The most famous of these travelling zoos was Wombwell’s Travelling Menagerie, which had a total of fifteen wagons and a large number of exotic animals. Wombwell bought them directly from ships as they arrived in England. They included elephants, giraffes, a gorilla, a hyena, a kangaroo, several leopards, a number of lions, llamas, monkeys, ocelots, onagers (what?), ostriches, panthers, various snakes, tigers, wildcats and zebras:

wombwerr

Wombwell had a number of snow leopards and his rhino was publicised as “the real unicorn of scripture”. Other faulty labelling is actually known to have cost him money. What he exhibited as a chimpanzee is now thought to have been the first ever Gorilla to be seen in Western Europe.
Here is a link to the story of George Wombwell told by Wikipedia. It really is worth a look, with some really funny anecdotes on offer:

Menagerie_wombwells_1910

All of these menageries were rather careless with their animals and escapes were not infrequent. In 1835, for example, a lion and a tigress escaped together and four people were killed. And that is what takes us back to the Beast of Ennerdale.
Apparently a number of the different travelling menageries had creatures which were exhibited as “tiger wolves”. Nowadays these animals are thought to have been thylacines, the so called “Tasmanian Tiger” or “Tasmanian Wolf”.

Here is a brief film, thanks to the Thylacine Museum:

The Museum also has a video where the extremely talented animal is apparently playing a piano, harpsichord type of thing:

So that is it! Mystery solved! The Beast of Ennerdale was an escaped Thylacine.

Nowadays, the Thylacine is extinct, of course.

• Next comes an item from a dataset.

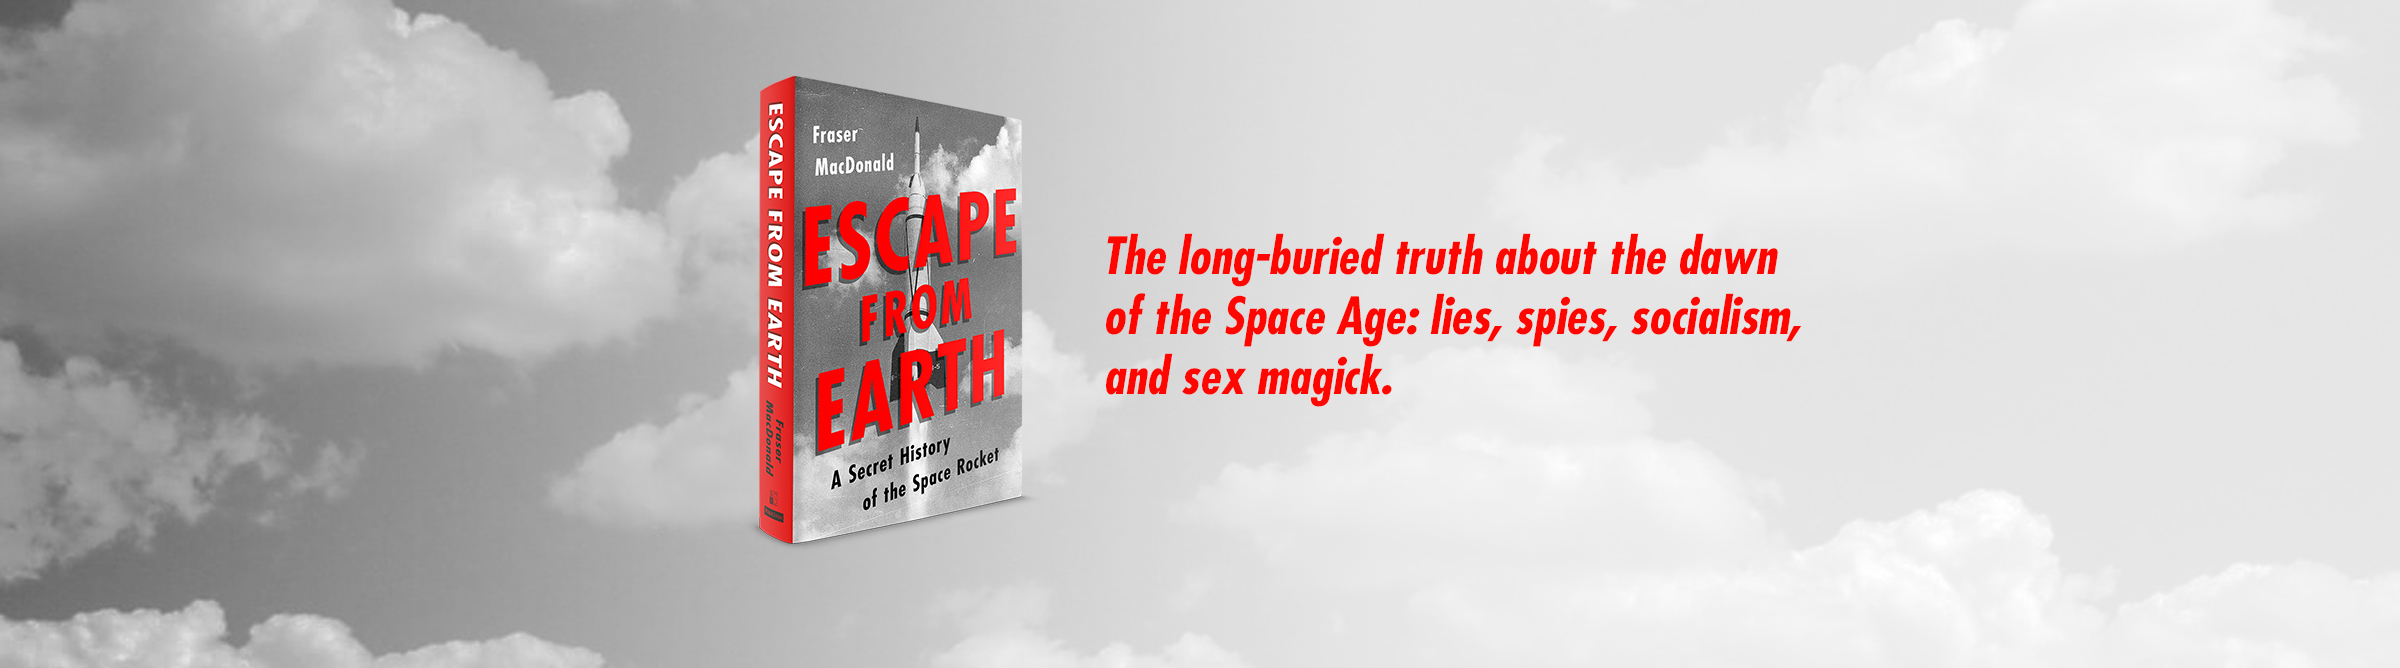 Escape from Earth by Fraser MacDonald Hachette Book Group pic

The last known specimen, “Benjamin”, died in captivity in Hobart Zoo on September 7th 1936:

thyl four

The Thylacine had dark stripes over its back and could be up to eight or nine feet in length:

thyl one

It was a marsupial which looked vaguely like a wolf and it ate flesh. It preferred the softer flesh to tougher meat such as the muscles.
The Thylacine was an apex predator and it was mainly nocturnal. Its behaviour was just like the Beast of Ennerdale because it retreated to the hills and woodlands in the daytime, avoiding contact with humans. It spent the daylight hours in caves or hollow tree trunks, sleeping on twigs or plant stalks. At night, it hunted the open heathland:

thyl two

Supposedly, back in the wilds of Tasmania, it happily preyed upon farmers’ sheep and poultry and apparently liked to drink the blood of its prey.
And with that information, I really thought that I had found a solution for the identity of the Beast of Ennerdale. I really did. I really, really did:

Thylacine-tring

A second level of internet research, though, shows that more or less all of the answers which have been suggested by the many websites which discuss the Beast of Ennerdale are most probably entirely wrong. The explanation of an escaped Thylacine is a very neat one, but modern science just dismisses it totally and completely.
Firstly, the blood drinking story seems to have originated merely from a single account heard at second-hand by Geoffrey Smith (1881–1916) in a shepherd’s hut in Tasmania. Not exactly a proven piece of Thylacine behaviour, certainly not enough to identify this creature’s presence in Ennerdale.
And killing and/or eating sheep? Well not really, apparently. Modern studies have now shown that the creature had the jaws of a wimp, not a wolf. It couldn’t have dealt with a dead sheep. Advanced computer modelling in 2011 showed that its prey size limit would have been in the region of only five kilos, animals such as the tiny possum:

thylacine_berlin_museum_10th_september_2011-167306

And here is a link to a second study from 2012, “Tasmanian tiger was no sheep killer”. These are not just amateurs’ guesses picked out of the air, of course. These are both scientific papers, published for the judgement of the zoological world. They would not have been published in reputable journals if they were not serious research carried out by serious scientists.
Instead, the Thylacine is seen nowadays as having been just a scapegoat for the widespread mismanagement of sheep farms in Tasmania. Furthermore, the killing of sheep was far more probably carried out by the European dogs which had first reached Tasmania in 1798 with the arrival of the explorer George Bass and a number of seal hunters:

George_bass

These men’s sled dogs interbred and their offspring subsequently dispersed into the temperate rain forest of the island. Some dogs were befriended by the aborigines but the majority just went wild.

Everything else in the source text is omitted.